__Source data__.
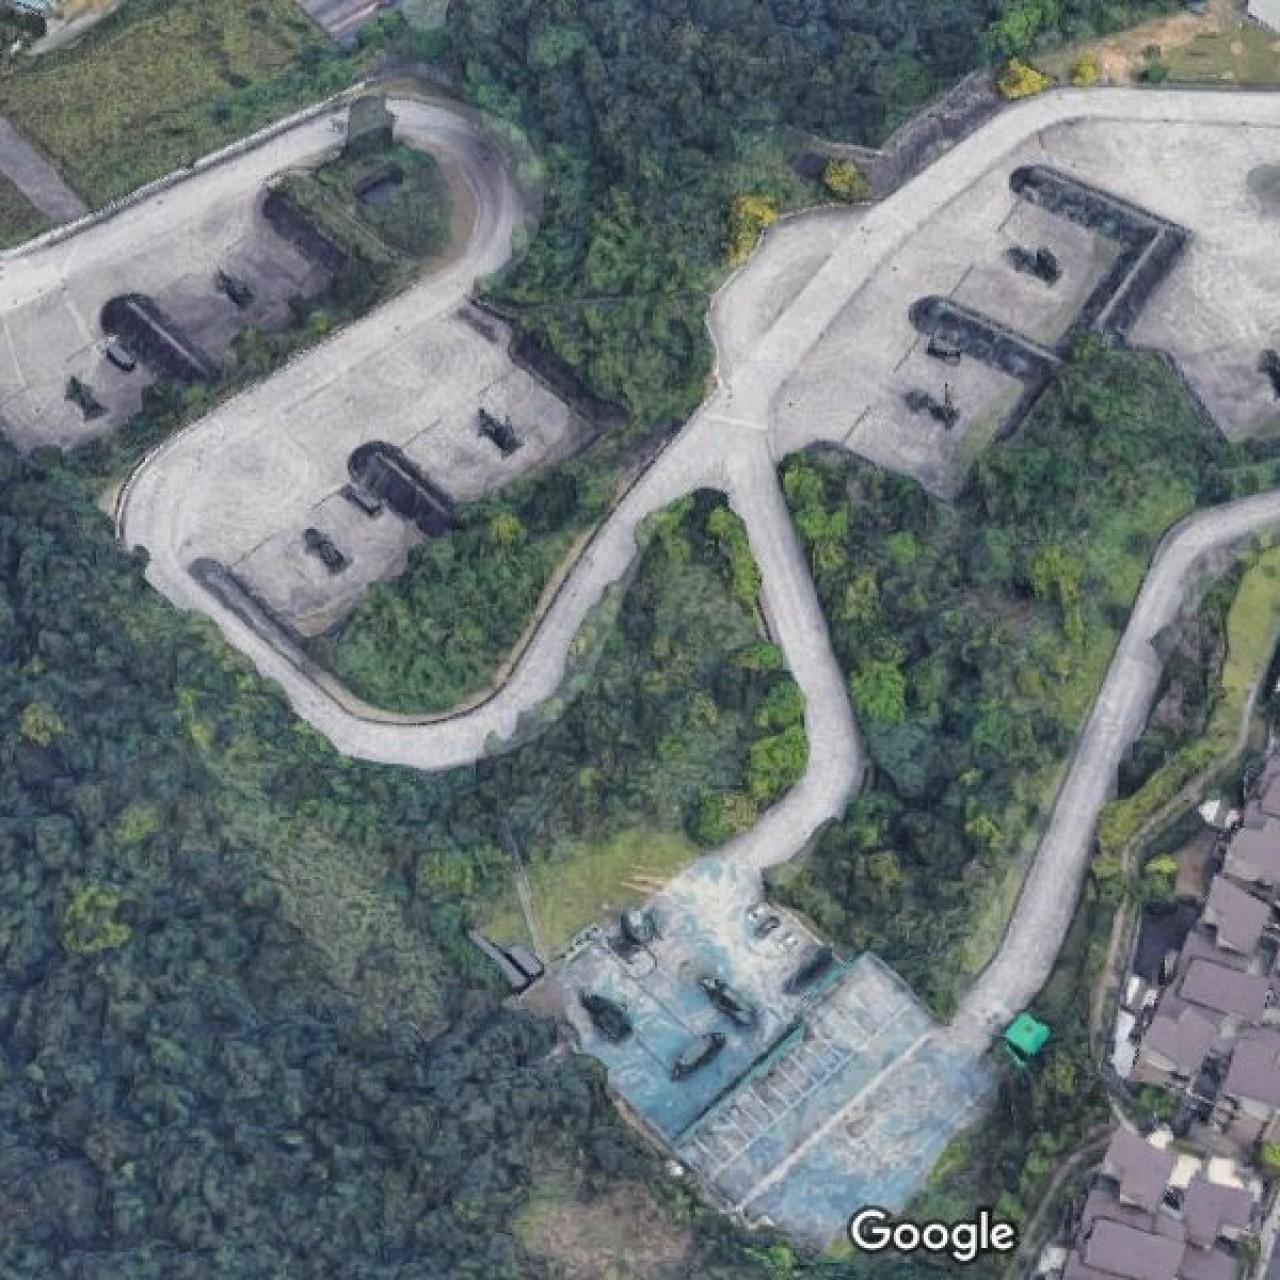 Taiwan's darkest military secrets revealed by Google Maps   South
* * *
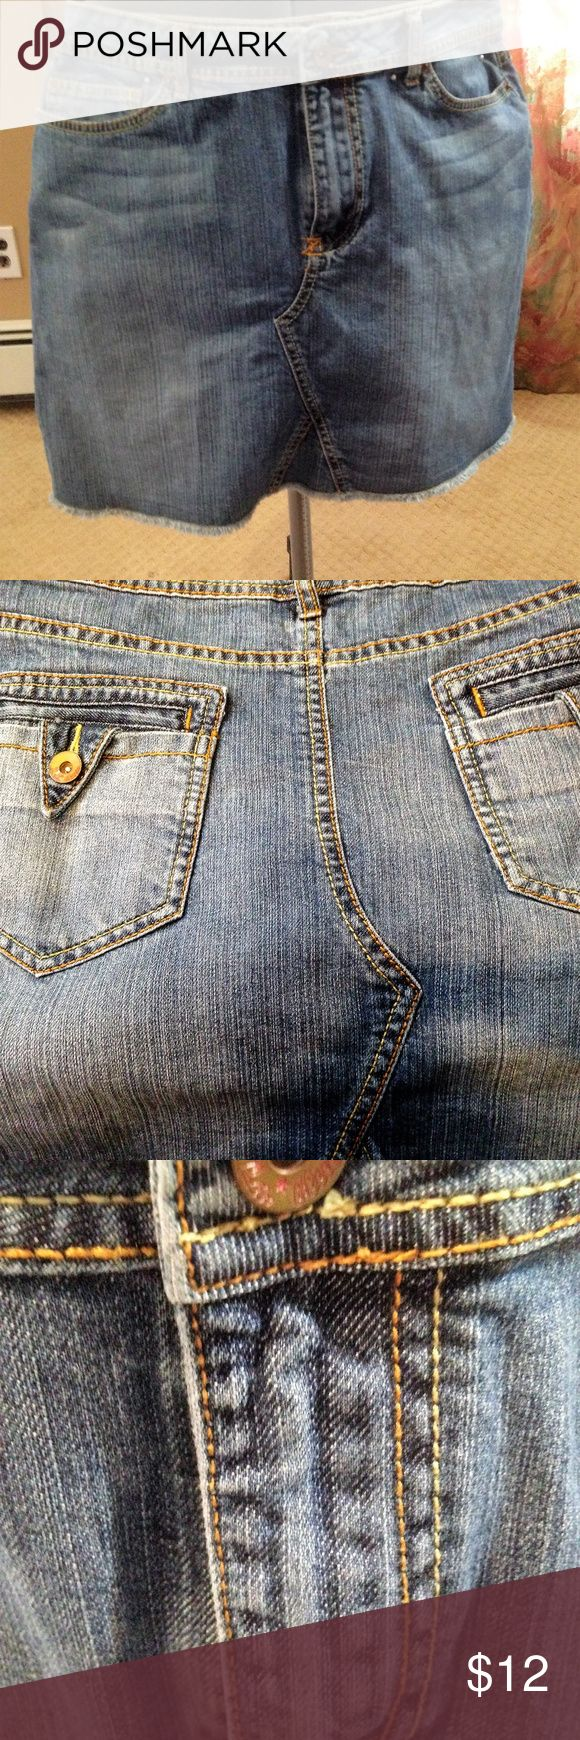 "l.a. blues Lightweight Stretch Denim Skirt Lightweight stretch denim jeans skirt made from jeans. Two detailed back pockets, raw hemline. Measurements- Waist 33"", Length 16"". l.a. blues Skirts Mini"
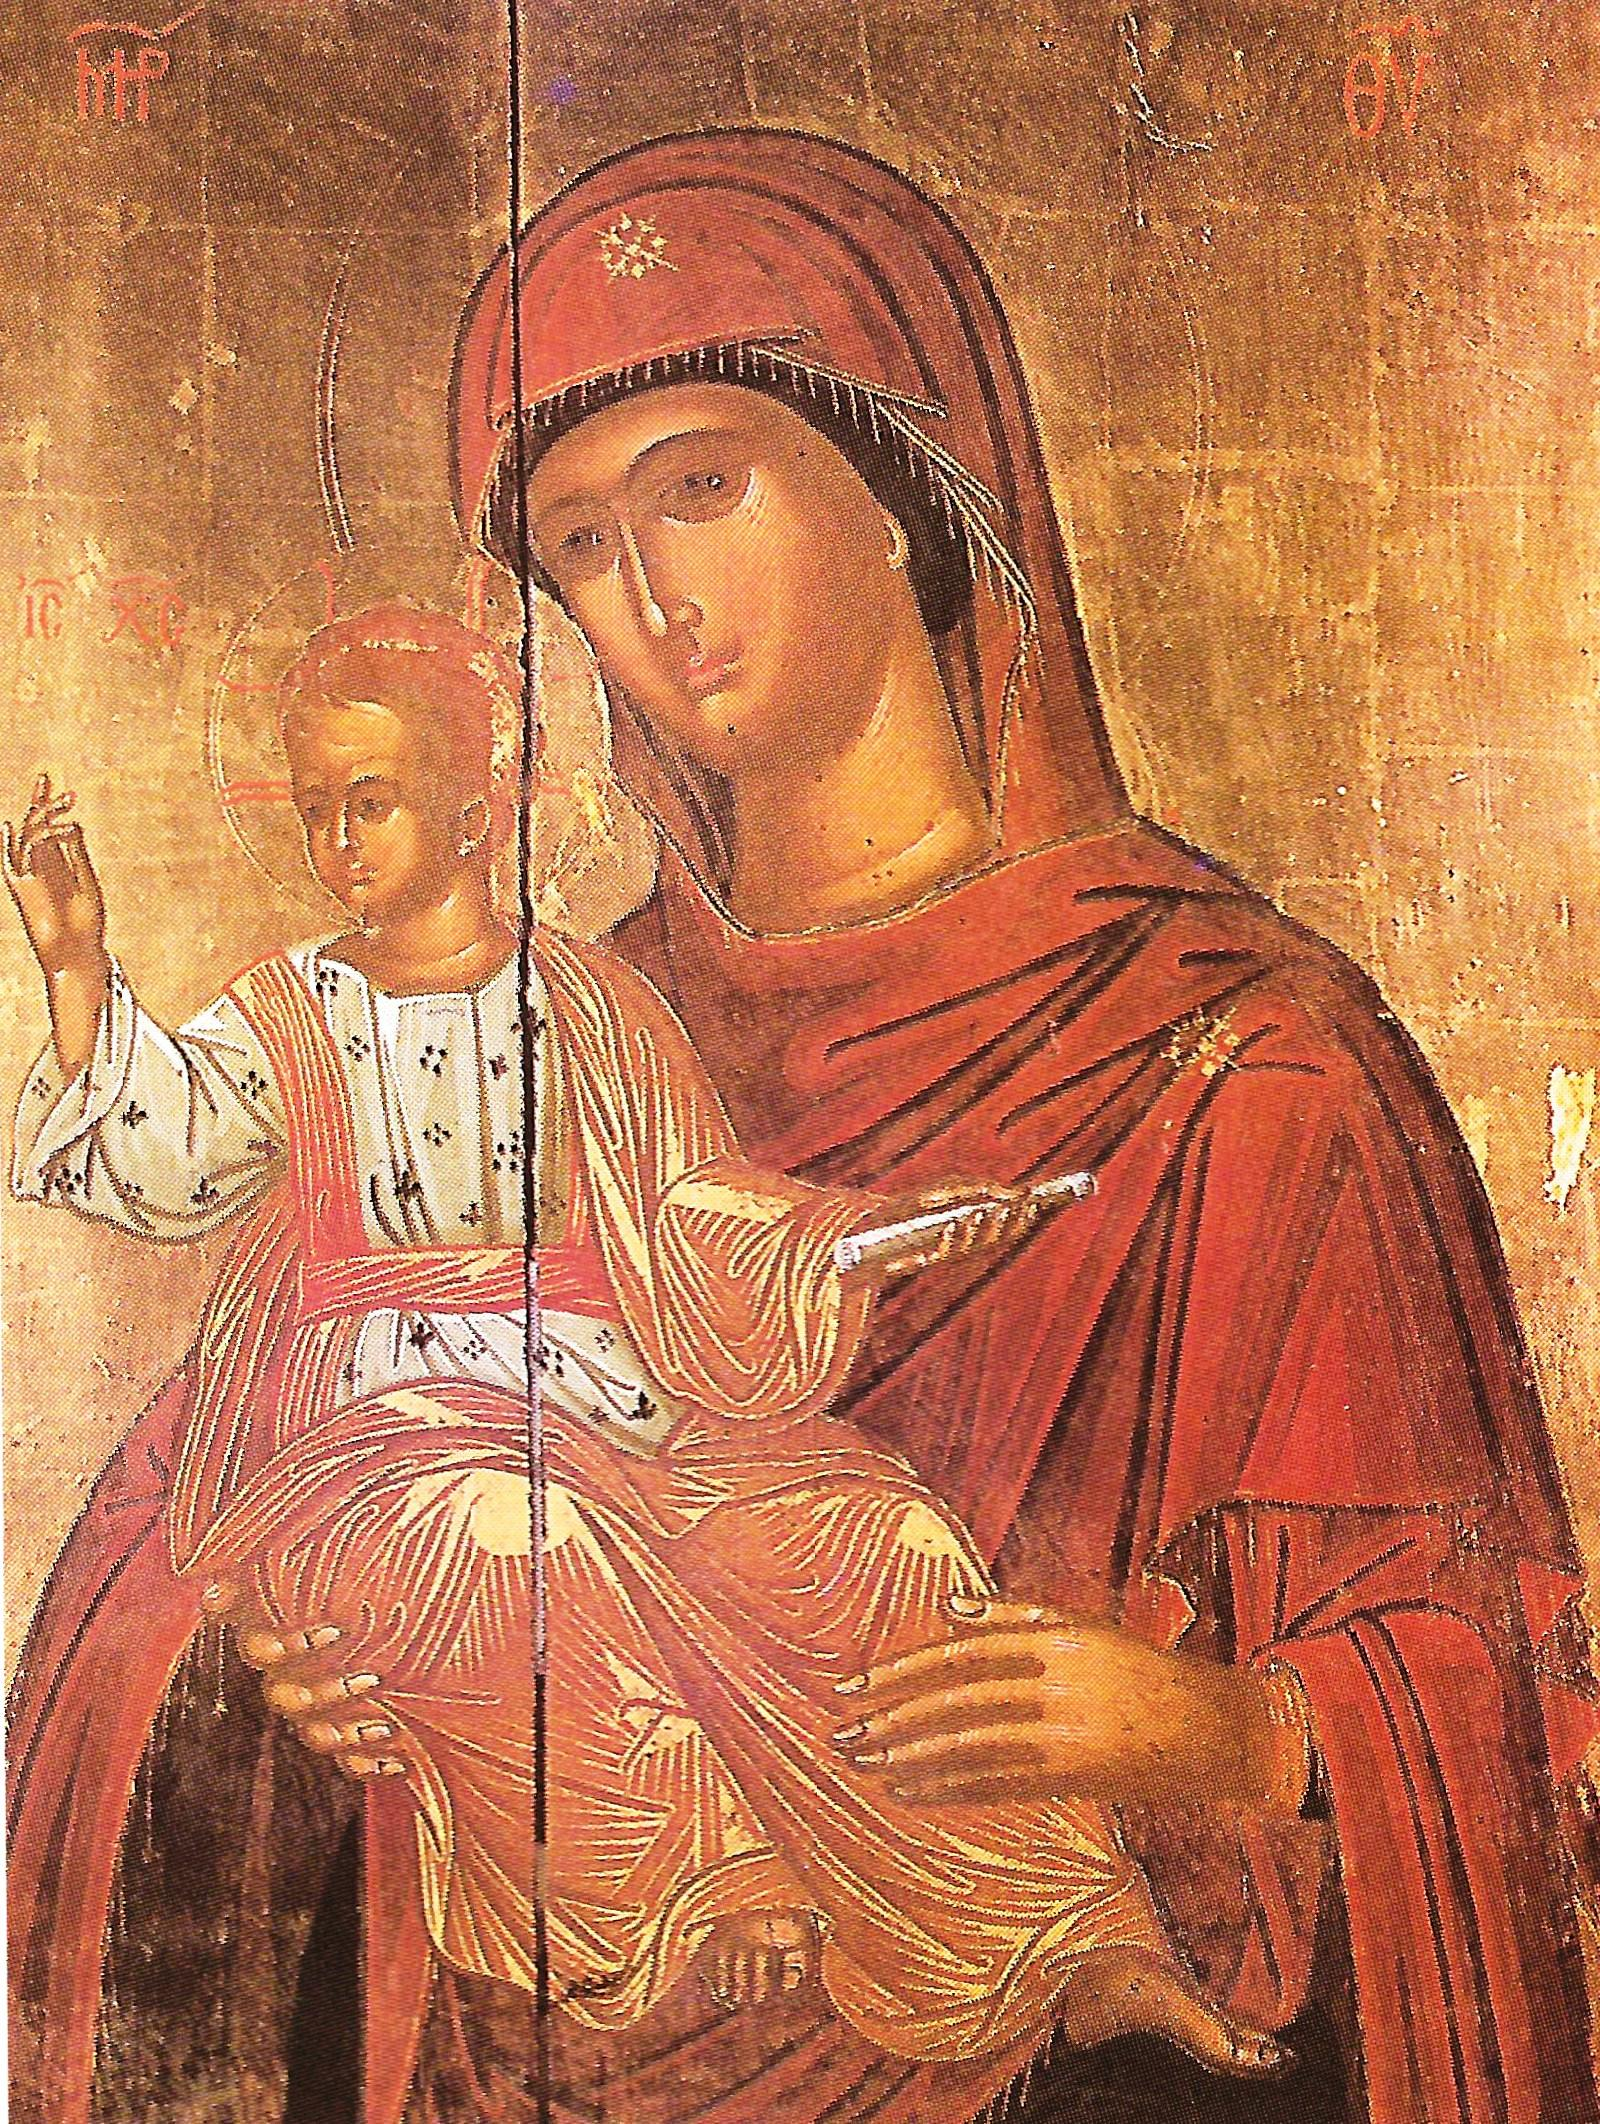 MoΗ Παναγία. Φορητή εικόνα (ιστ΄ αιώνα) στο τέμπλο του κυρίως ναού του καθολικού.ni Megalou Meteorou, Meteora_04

__What you are asked to do__. Your answer should consist of the lines above between those holding "blues Lightweight Stretch" and "MoΗ Παναγία. Φορητή", inclusive, reproduced word for word and without pictures.

__Expected answer__.
 "l.a. blues Lightweight Stretch Denim Skirt Lightweight stretch denim jeans skirt made from jeans. Two detailed back pockets, raw hemline. Measurements- Waist 33"", Length 16"". l.a. blues Skirts Mini"
 MoΗ Παναγία. Φορητή εικόνα (ιστ΄ αιώνα) στο τέμπλο του κυρίως ναού του καθολικού.ni Megalou Meteorou, Meteora_04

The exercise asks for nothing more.